* **DATASET EXTRACT**
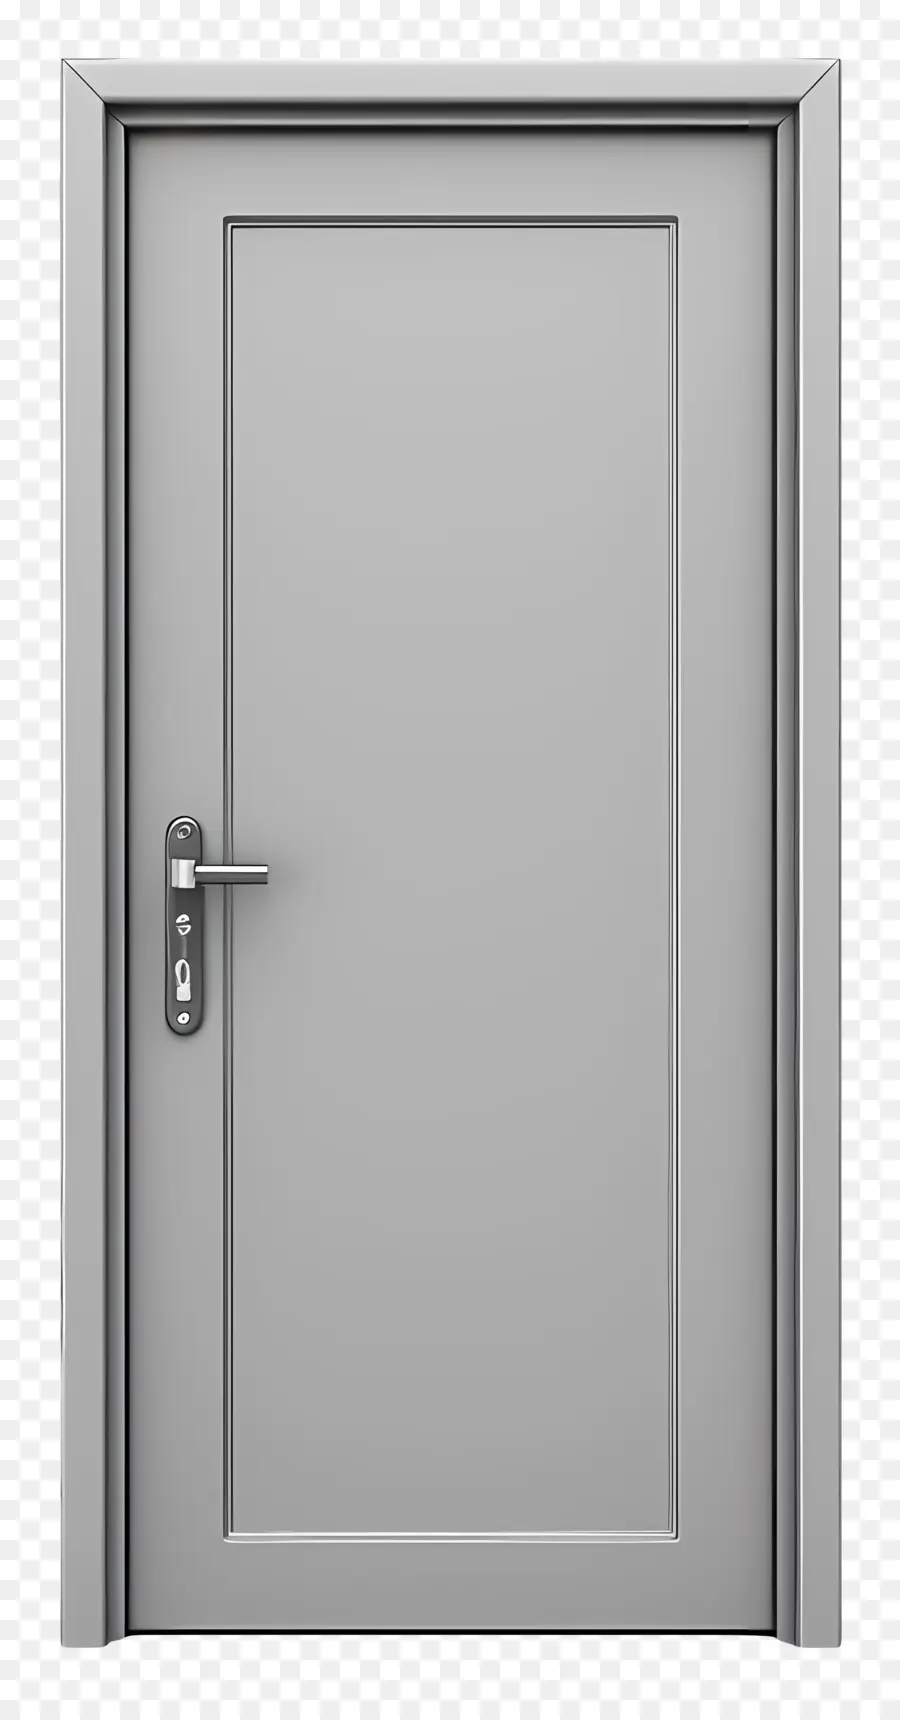 Khung cửa kim loại mở nền màu xám nền đóng cửa thiết kế tối giản - Nền màu xám, cửa đóng không có khung
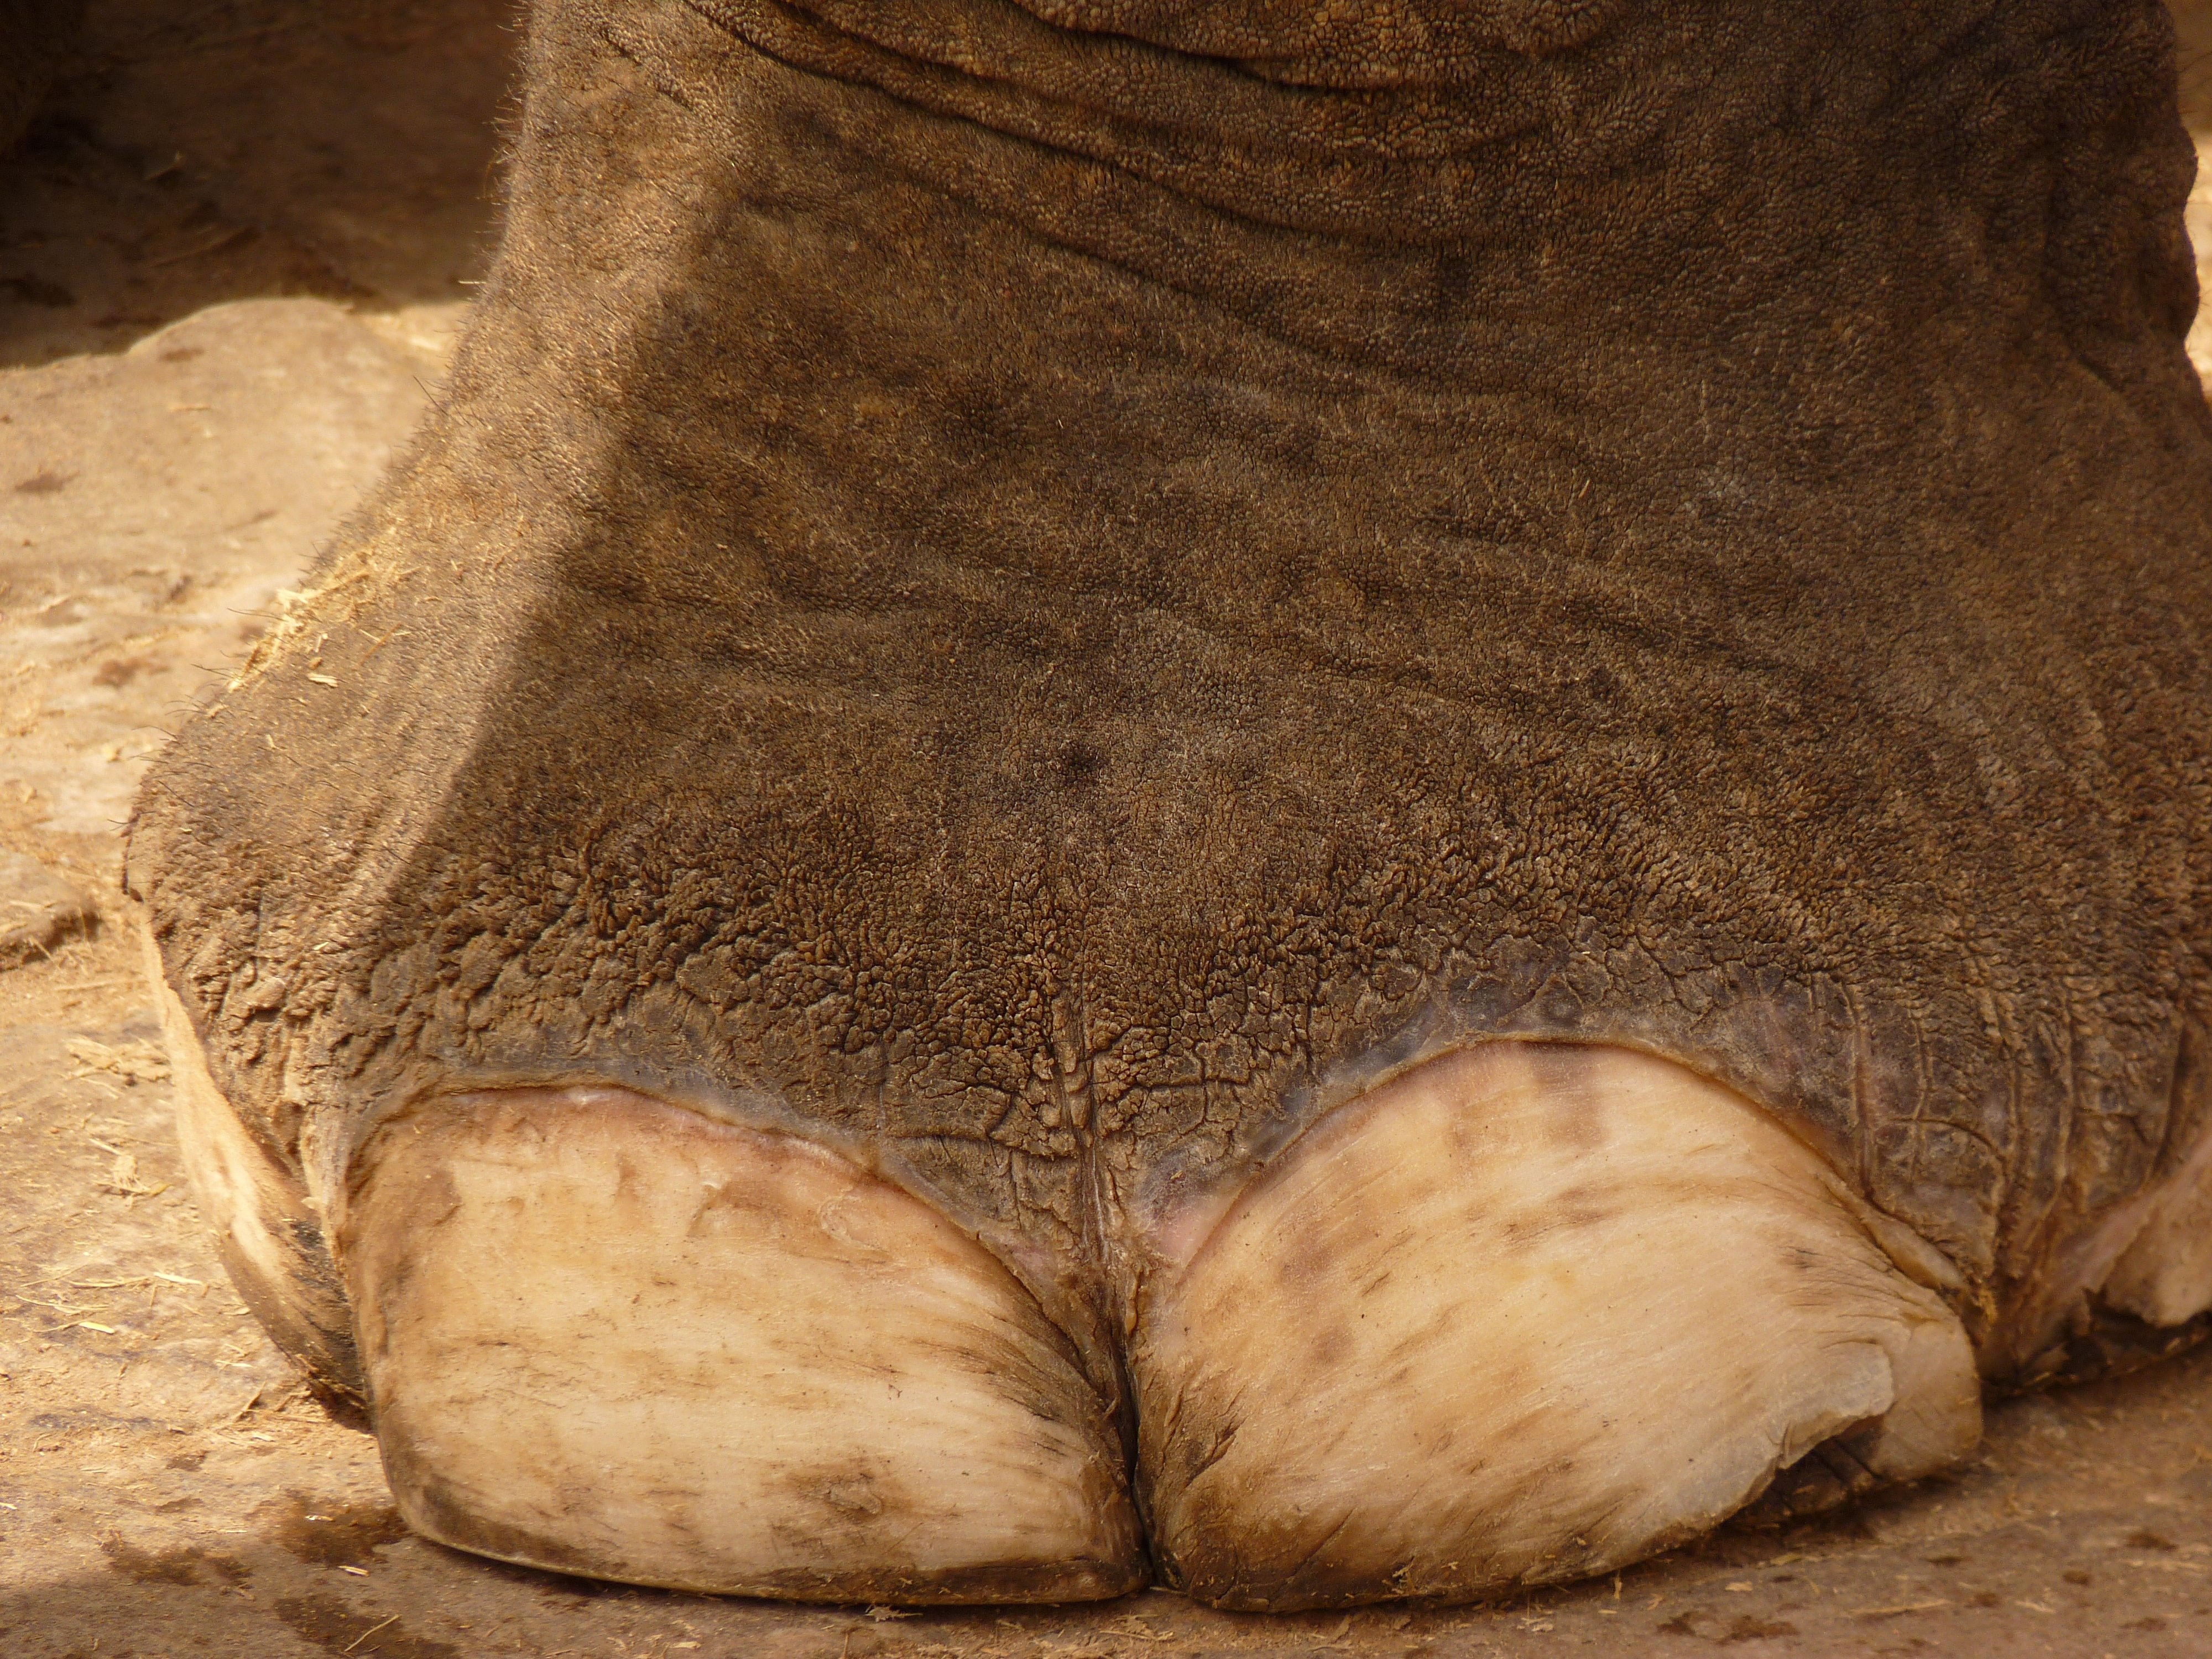 gray elephant foot
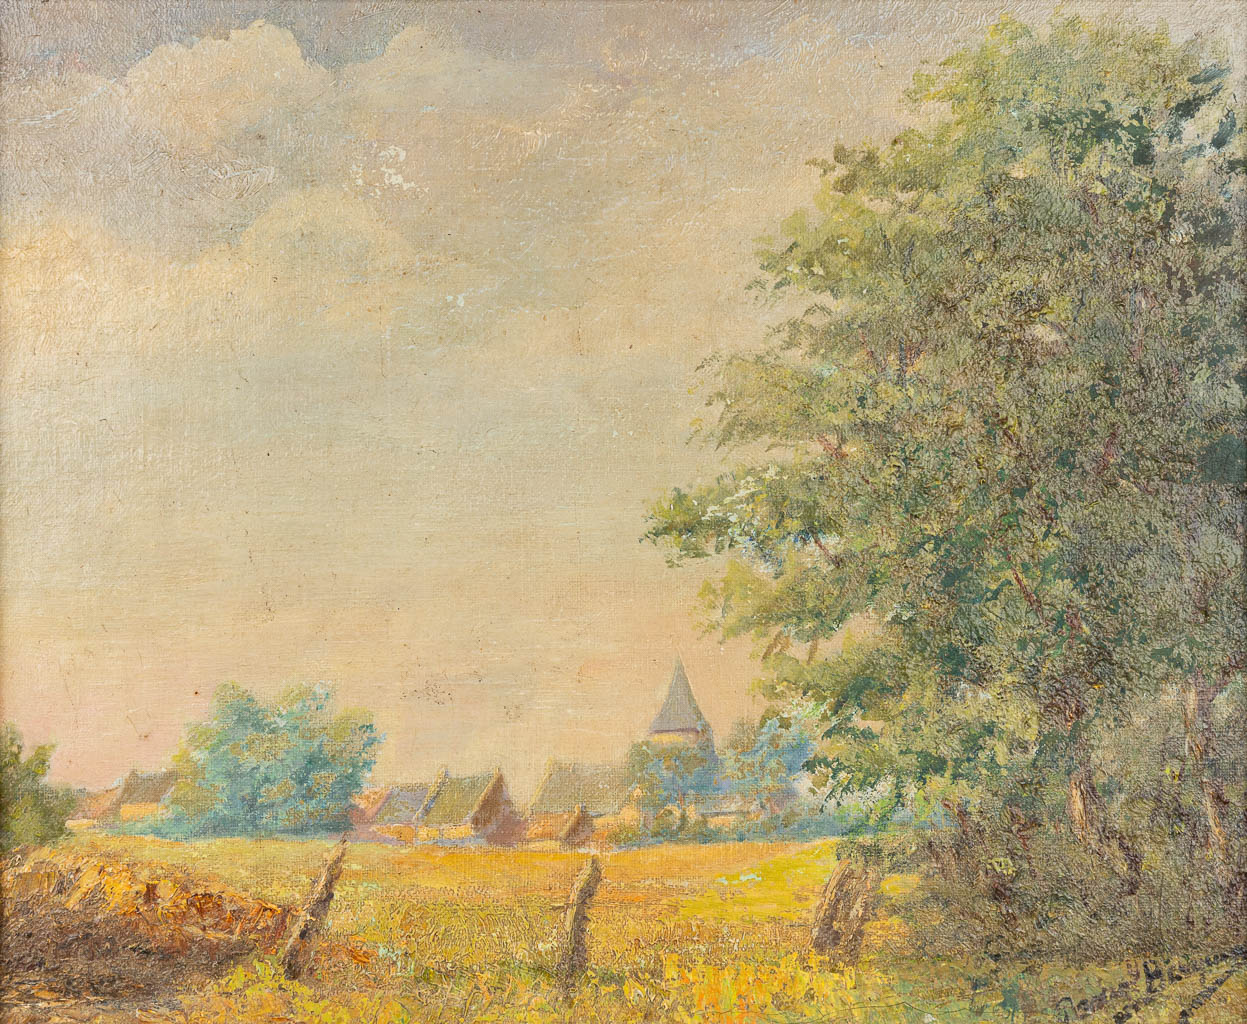 R. BERQUIN (XIX-XX) 'Vue sur le village', a painting, oil on canvas. 1926. (47 x 37 cm)
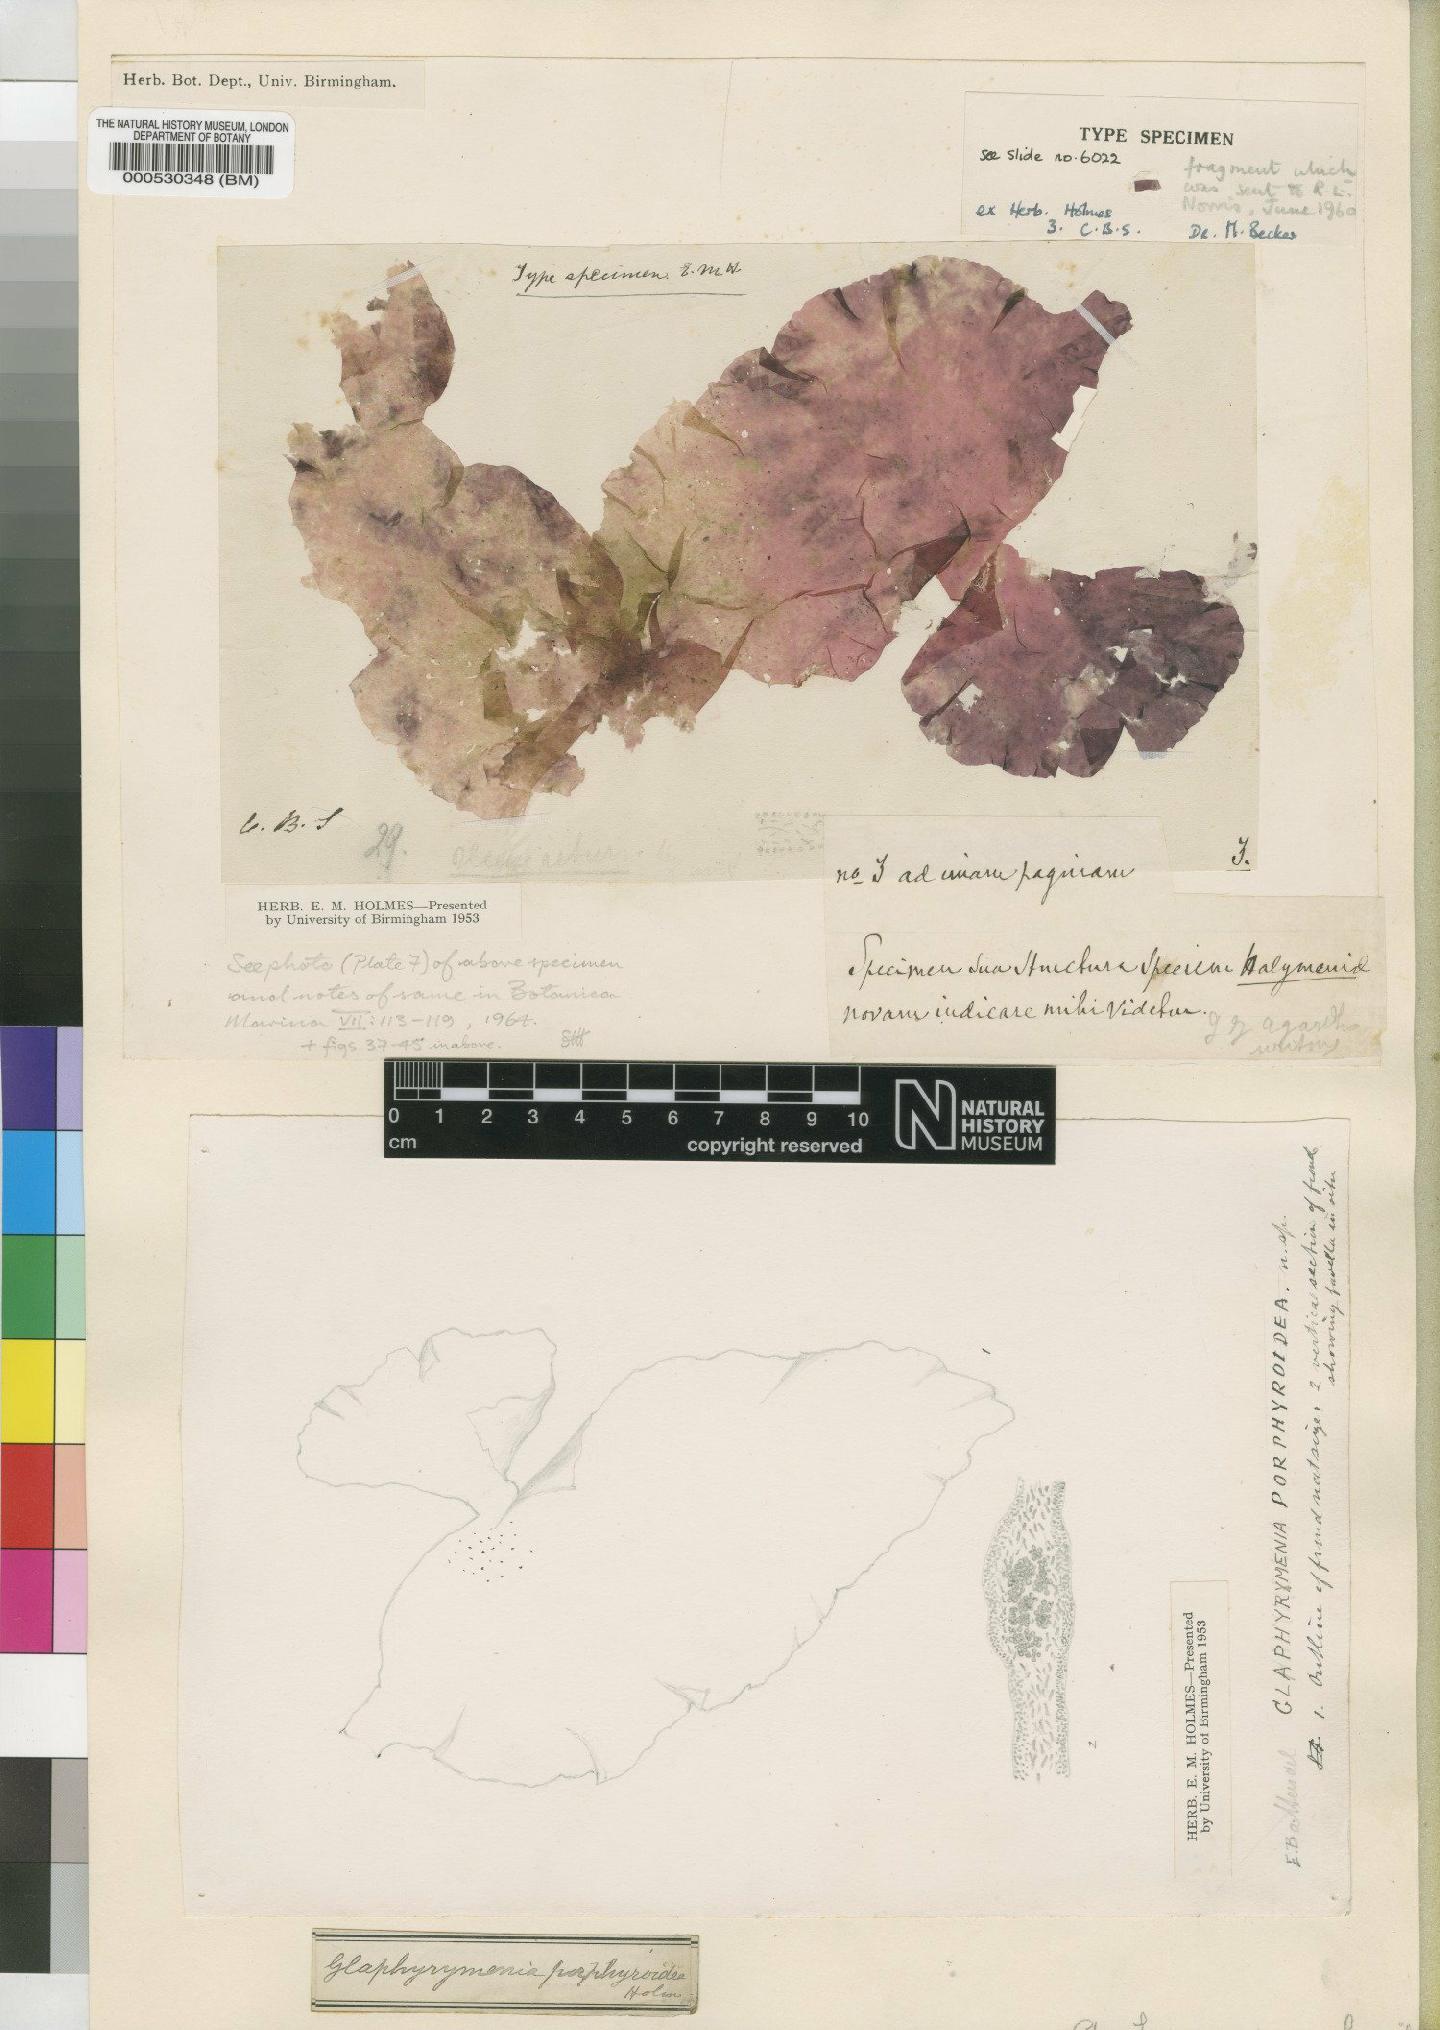 To NHMUK collection (Pugetia porphyroidea (F.Schmitz ex Holmes) Norris; Holotype; NHMUK:ecatalogue:4858626)

* **INSTRUCTIONS FOR THE TASK**
Reproduce the data word for word without its images.

* **EXERCISE RESPONSE**
 Khung cửa kim loại mở nền màu xám nền đóng cửa thiết kế tối giản - Nền màu xám, cửa đóng không có khung
 gray elephant foot
 R. BERQUIN (XIX-XX) 'Vue sur le village', a painting, oil on canvas. 1926. (47 x 37 cm)
 To NHMUK collection (Pugetia porphyroidea (F.Schmitz ex Holmes) Norris; Holotype; NHMUK:ecatalogue:4858626)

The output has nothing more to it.